🧮 refactor: Bulk Transactions & Balance Updates for Token Spending (#11996)

* refactor: transaction handling by integrating pricing and bulk write operations

- Updated `recordCollectedUsage` to accept pricing functions and bulk write operations, improving transaction management.
- Refactored `AgentClient` and related controllers to utilize the new transaction handling capabilities, ensuring better performance and accuracy in token spending.
- Added tests to validate the new functionality, ensuring correct behavior for both standard and bulk transaction paths.
- Introduced a new `transactions.ts` file to encapsulate transaction-related logic and types, enhancing code organization and maintainability.

* chore: reorganize imports in agents client controller

- Moved `getMultiplier` and `getCacheMultiplier` imports to maintain consistency and clarity in the import structure.
- Removed duplicate import of `updateBalance` and `bulkInsertTransactions`, streamlining the code for better readability.

* refactor: add TransactionData type and CANCEL_RATE constant to data-schemas

Establishes a single source of truth for the transaction document shape
and the incomplete-context billing rate constant, both consumed by
packages/api and api/.

* refactor: use proper types in data-schemas transaction methods

- Replace `as unknown as { tokenCredits }` with `lean<IBalance>()`
- Use `TransactionData[]` instead of `Record<string, unknown>[]`
  for bulkInsertTransactions parameter
- Add JSDoc noting insertMany bypasses document middleware
- Remove orphan section comment in methods/index.ts

* refactor: use shared types in transactions.ts, fix bulk write logic

- Import CANCEL_RATE from data-schemas instead of local duplicate
- Import TransactionData from data-schemas for PreparedEntry/BulkWriteDeps
- Use tilde alias for EndpointTokenConfig import
- Pass valueKey through to getMultiplier
- Only sum tokenValue for balance-enabled docs in bulkWriteTransactions
- Consolidate two loops into single-pass map

* refactor: remove duplicate updateBalance from Transaction.js

Import updateBalance from ~/models (sourced from data-schemas) instead
of maintaining a second copy. Also import CANCEL_RATE from data-schemas
and remove the Balance model import (no longer needed directly).

* fix: test real spendCollectedUsage instead of IIFE replica

Export spendCollectedUsage from abortMiddleware.js and rewrite the test
file to import and test the actual function. Previously the tests ran
against a hand-written replica that could silently diverge from the real
implementation.

* test: add transactions.spec.ts and restore regression comments

Add 22 direct unit tests for transactions.ts financial logic covering
prepareTokenSpend, prepareStructuredTokenSpend, bulkWriteTransactions,
CANCEL_RATE paths, NaN guards, disabled transactions, zero tokens,
cache multipliers, and balance-enabled filtering.

Restore critical regression documentation comments in
recordCollectedUsage.spec.js explaining which production bugs the
tests guard against.

* fix: widen setValues type to include lastRefill

The UpdateBalanceParams.setValues type was Partial<Pick<IBalance,
'tokenCredits'>> which excluded lastRefill — used by
createAutoRefillTransaction. Widen to also pick 'lastRefill'.

* test: use real MongoDB for bulkWriteTransactions tests

Replace mock-based bulkWriteTransactions tests with real DB tests using
MongoMemoryServer. Pure function tests (prepareTokenSpend,
prepareStructuredTokenSpend) remain mock-based since they don't touch
DB. Add end-to-end integration tests that verify the full prepare →
bulk write → DB state pipeline with real Transaction and Balance models.

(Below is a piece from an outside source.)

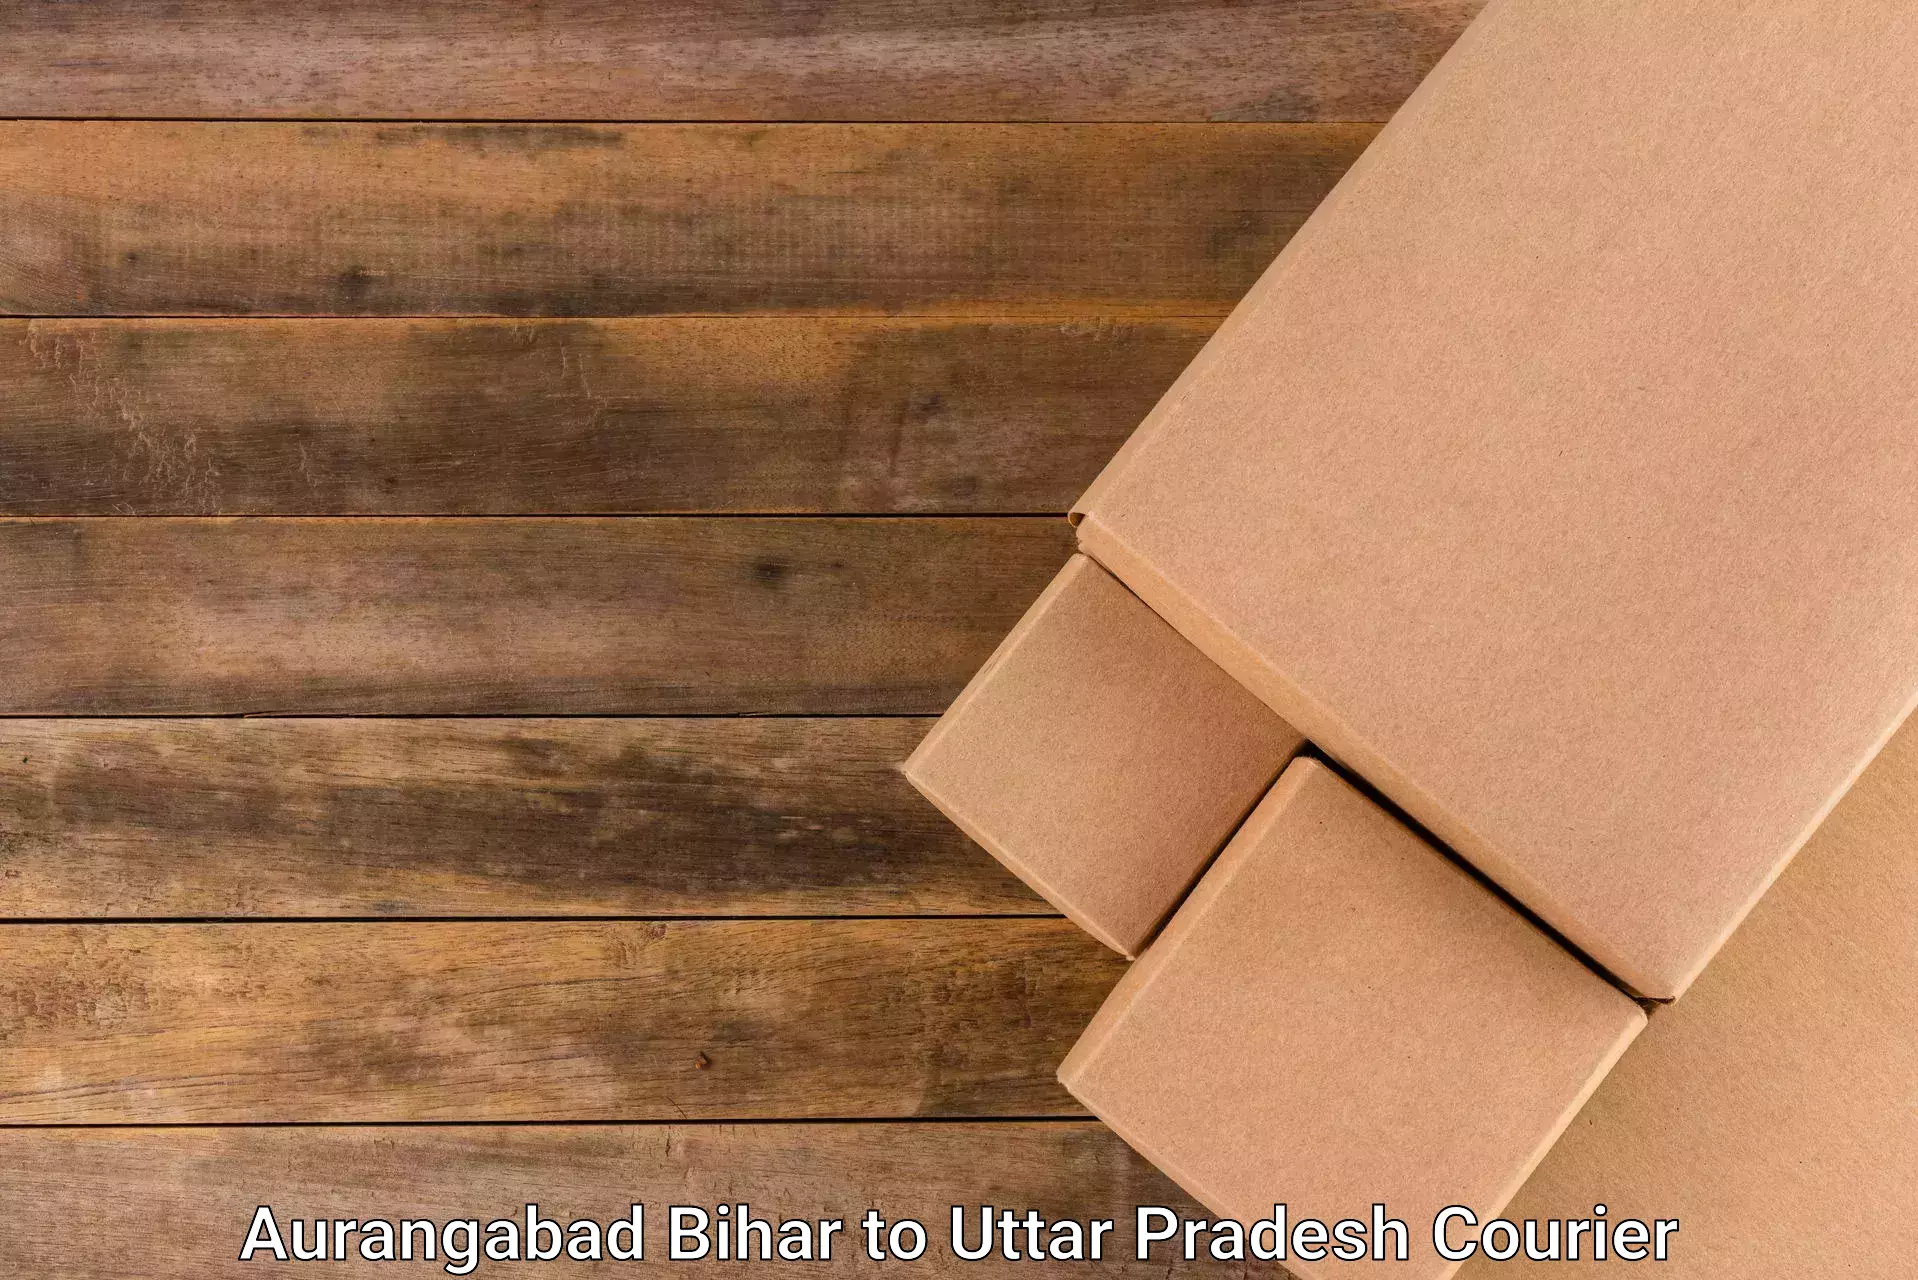 Logistics efficiency Aurangabad Bihar to Vrindavan

* chore: update @librechat/agents dependency to version 3.1.54 in package-lock.json and related package.json files

* test: add bulk path parity tests proving identical DB outcomes

Three test suites proving the bulk path (prepareTokenSpend/
prepareStructuredTokenSpend + bulkWriteTransactions) produces
numerically identical results to the legacy path for all scenarios:

- usage.bulk-parity.spec.ts: mirrors all legacy recordCollectedUsage
  tests; asserts same return values and verifies metadata fields on
  the insertMany docs match what spendTokens args would carry

- transactions.bulk-parity.spec.ts: real-DB tests using actual
  getMultiplier/getCacheMultiplier pricing functions; asserts exact
  tokenValue, rate, rawAmount and balance deductions for standard
  tokens, structured/cache tokens, CANCEL_RATE, premium pricing,
  multi-entry batches, and edge cases (NaN, zero, disabled)

- Transaction.spec.js: adds describe('Bulk path parity') that mirrors
  7 key legacy tests via recordCollectedUsage + bulk deps against
  real MongoDB, asserting same balance deductions and doc counts

* refactor: update llmConfig structure to use modelKwargs for reasoning effort

Refactor the llmConfig in getOpenAILLMConfig to store reasoning effort within modelKwargs instead of directly on llmConfig. This change ensures consistency in the configuration structure and improves clarity in the handling of reasoning properties in the tests.

* test: update performance checks in processAssistantMessage tests

Revise the performance assertions in the processAssistantMessage tests to ensure that each message processing time remains under 100ms, addressing potential ReDoS vulnerabilities. This change enhances the reliability of the tests by focusing on maximum processing time rather than relative ratios.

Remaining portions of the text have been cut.